A Justiça de Goiás recebeu denúncia do Ministério Público contra cinco guardas civis municipais de Santa Helena de Goiás, acusados de tortura, sequestro e ameaça contra um casal. O crime ocorreu em 11 de março de 2024, quando os agentes invadiram uma residência no Bairro Brasil sem mandado judicial, supostamente para buscar drogas.
Investigação e afastamento
A juíza Thalene Brandão Flauzino de Oliveira, que recebeu a denúncia em 9 de julho, determinou a suspensão do exercício da função pública dos denunciados e proibiu qualquer contato com as vítimas ou seus familiares. A Guarda Civil Municipal de Santa Helena de Goiás confirmou o afastamento dos servidores e instaurou um Processo Administrativo Disciplinar (PAD) para apurar a conduta dos envolvidos.
Detalhes da denúncia
Segundo o MPGO, na madrugada de 11 de março, os guardas invadiram a casa de um casal de amigos após receberem uma denúncia de tráfico de drogas via WhatsApp. A mulher foi submetida a intenso sofrimento físico e psicológico, arrastada e agredida com coronhadas no rosto para revelar onde estavam as drogas. O homem foi algemado, teve o rosto coberto com um pano e sofreu sucessivos espancamentos e episódios de asfixia até perder a consciência. Ele foi reanimado com água para que as agressões continuassem.
Após o homem indicar a localização de algumas pedras semelhantes a crack, três guardas o levaram em uma viatura oficialmente fora de operação para uma área de mata. Lá, as agressões continuaram, e um dos denunciados efetuou um disparo próximo ao ouvido da vítima e tentou atirar novamente, mas a arma falhou. O homem conseguiu fugir pela vegetação. A mulher foi ameaçada para que não denunciasse o caso.
Impacto e reações
A advogada das vítimas, Rosemere de Oliveira Santos, afirmou que o homem perdeu a visão de um olho e precisou deixar a cidade por temer represálias. “Ele me falou que nem tá enxergando de um olho e teve até que sair da cidade por conta das pessoas indo atrás dele”, disse.
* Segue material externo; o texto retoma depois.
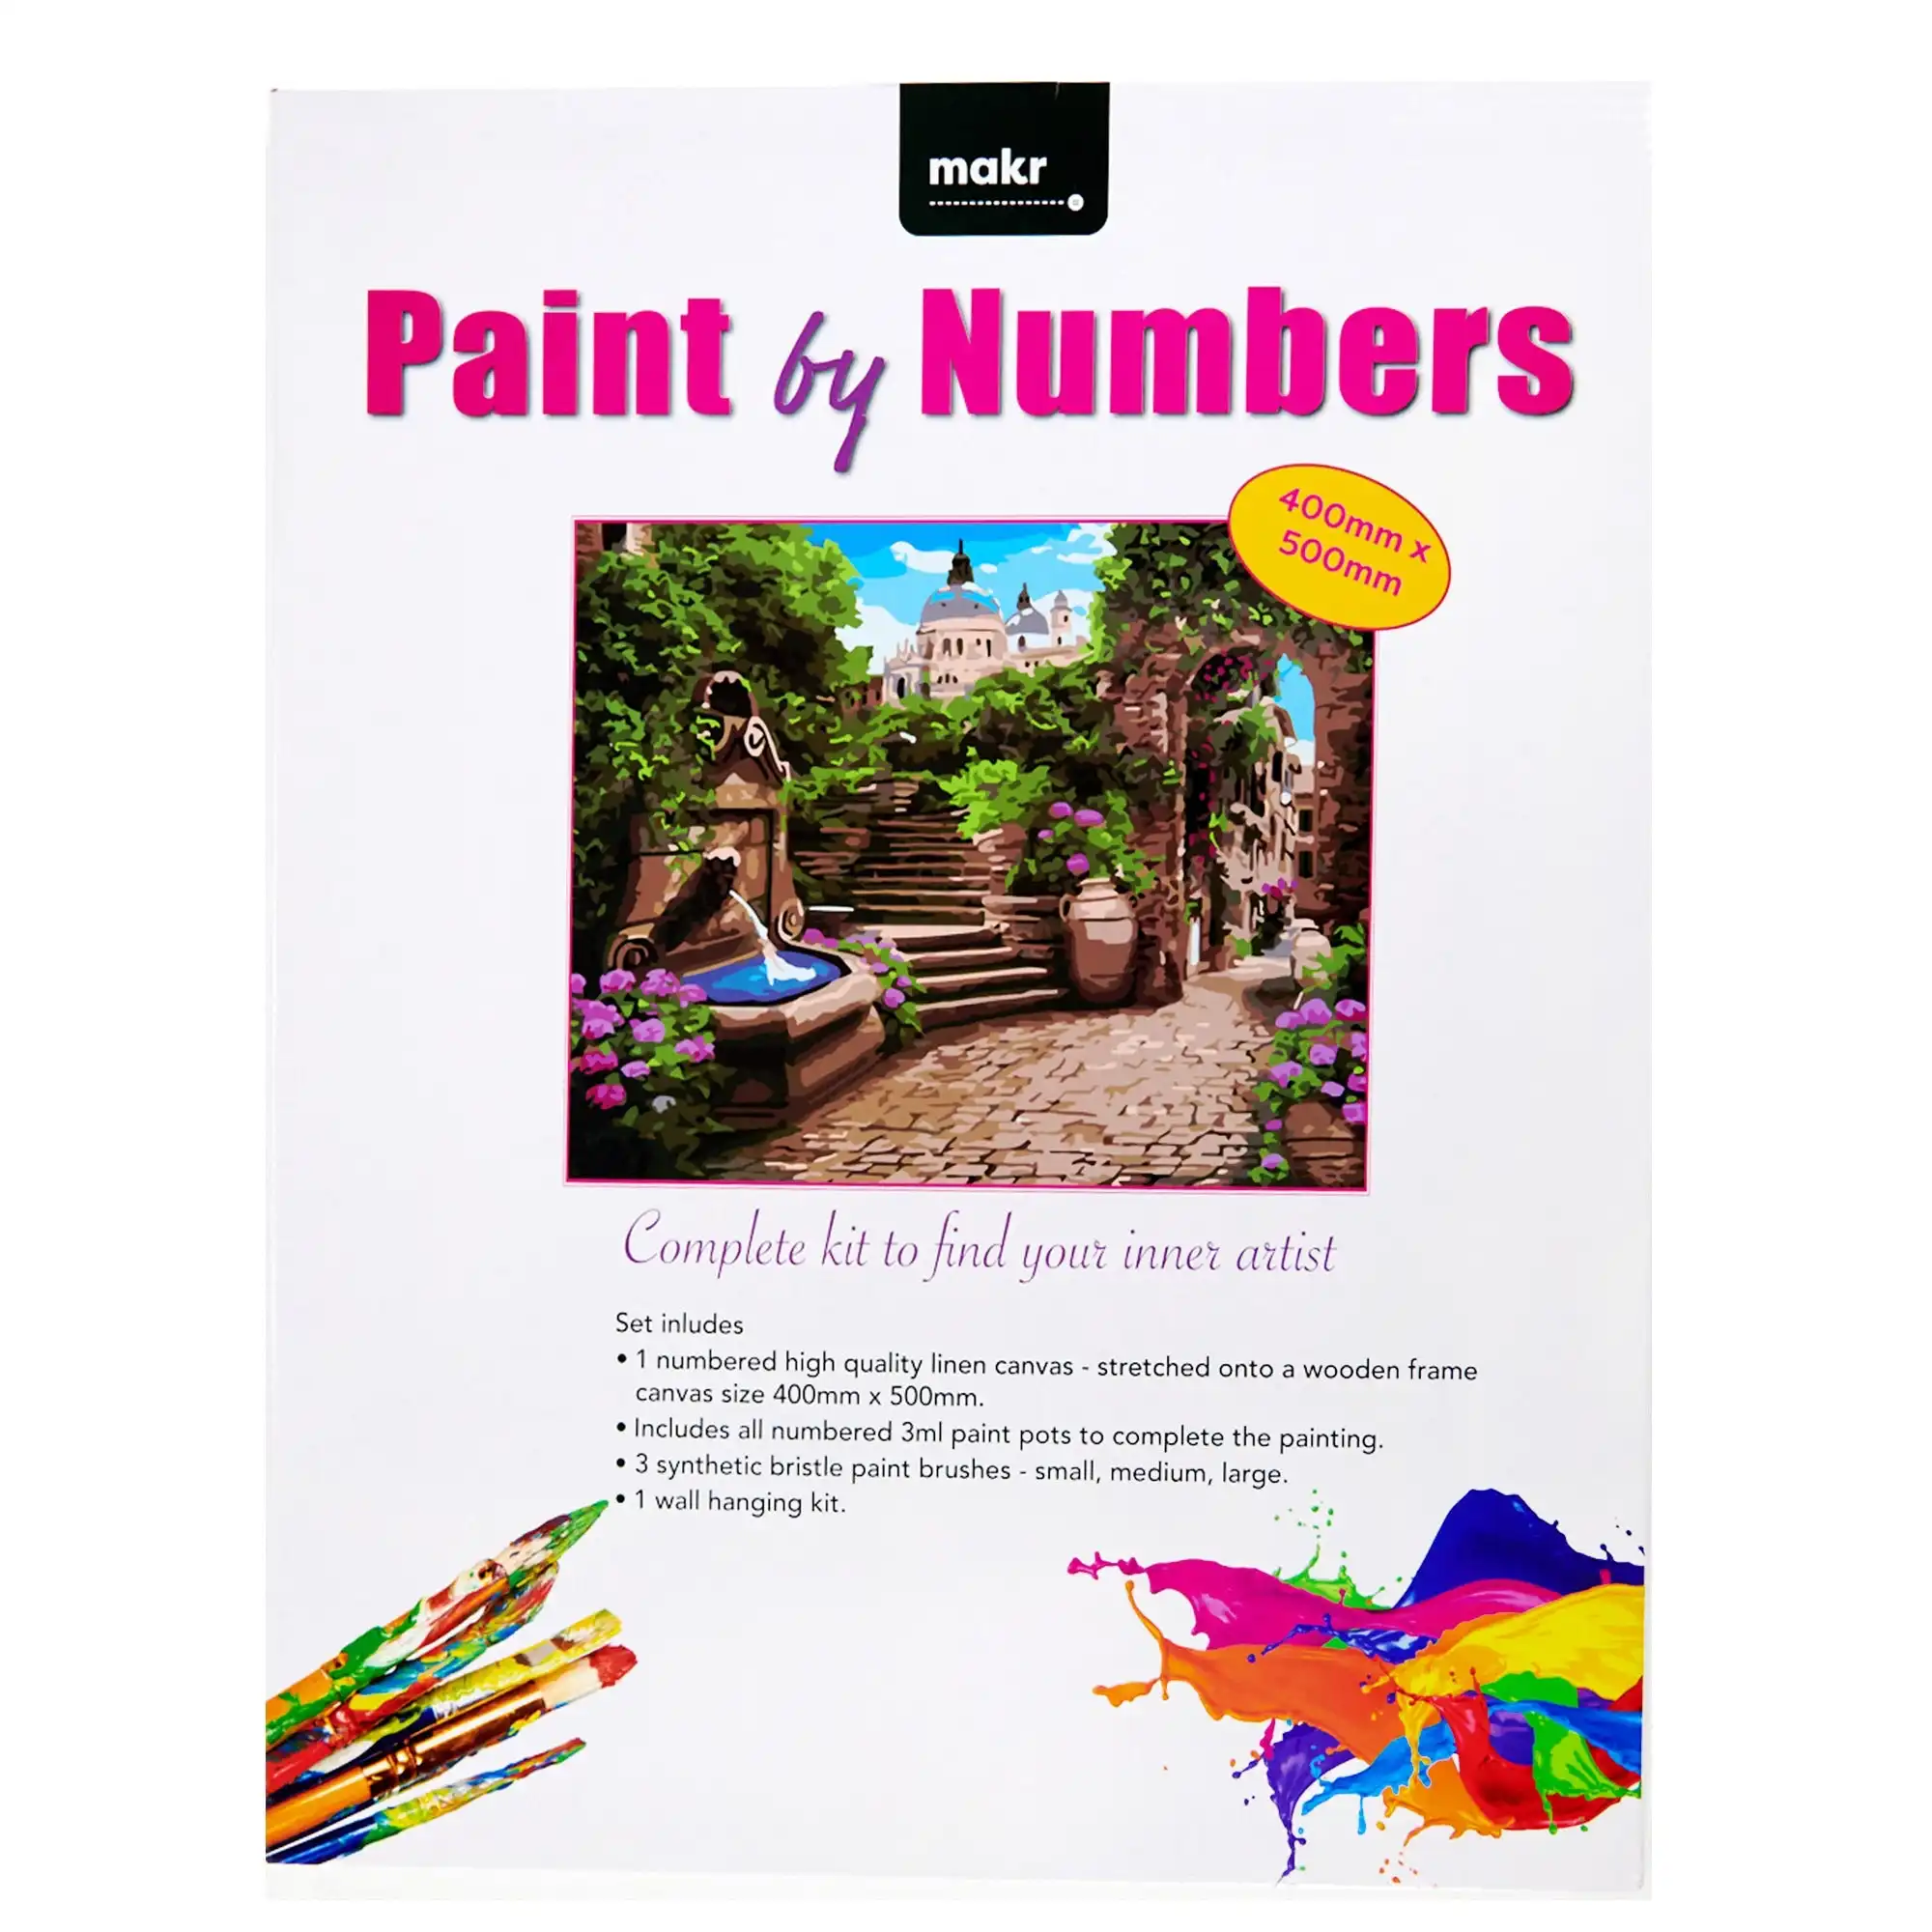 Best in Show Paint by Number Kit

A defesa dos guardas — Camila Maria Soares, Dieilis Ronieli Serpa, Huan Felipe de Castro Batista, Johnathan Ramon Freitas Alves e Matheus Souza Rabelo — informou que o recebimento da denúncia apenas marca o início da ação penal e não representa condenação, e que irá contestar as acusações ao longo do processo.
A Associação das Guardas Civis do Estado de Goiás (AGCGO) manifestou “absoluta confiança na idoneidade, na conduta funcional e no histórico profissional dos Guardas Civis envolvidos, profissionais que dedicam suas vidas à proteção da população, ao combate à criminalidade e à preservação da ordem pública”.
O Ministério Público pediu a condenação dos guardas, a perda dos cargos públicos, a interdição para o exercício de funções públicas e o pagamento de indenização mínima de R$ 50 mil às vítimas.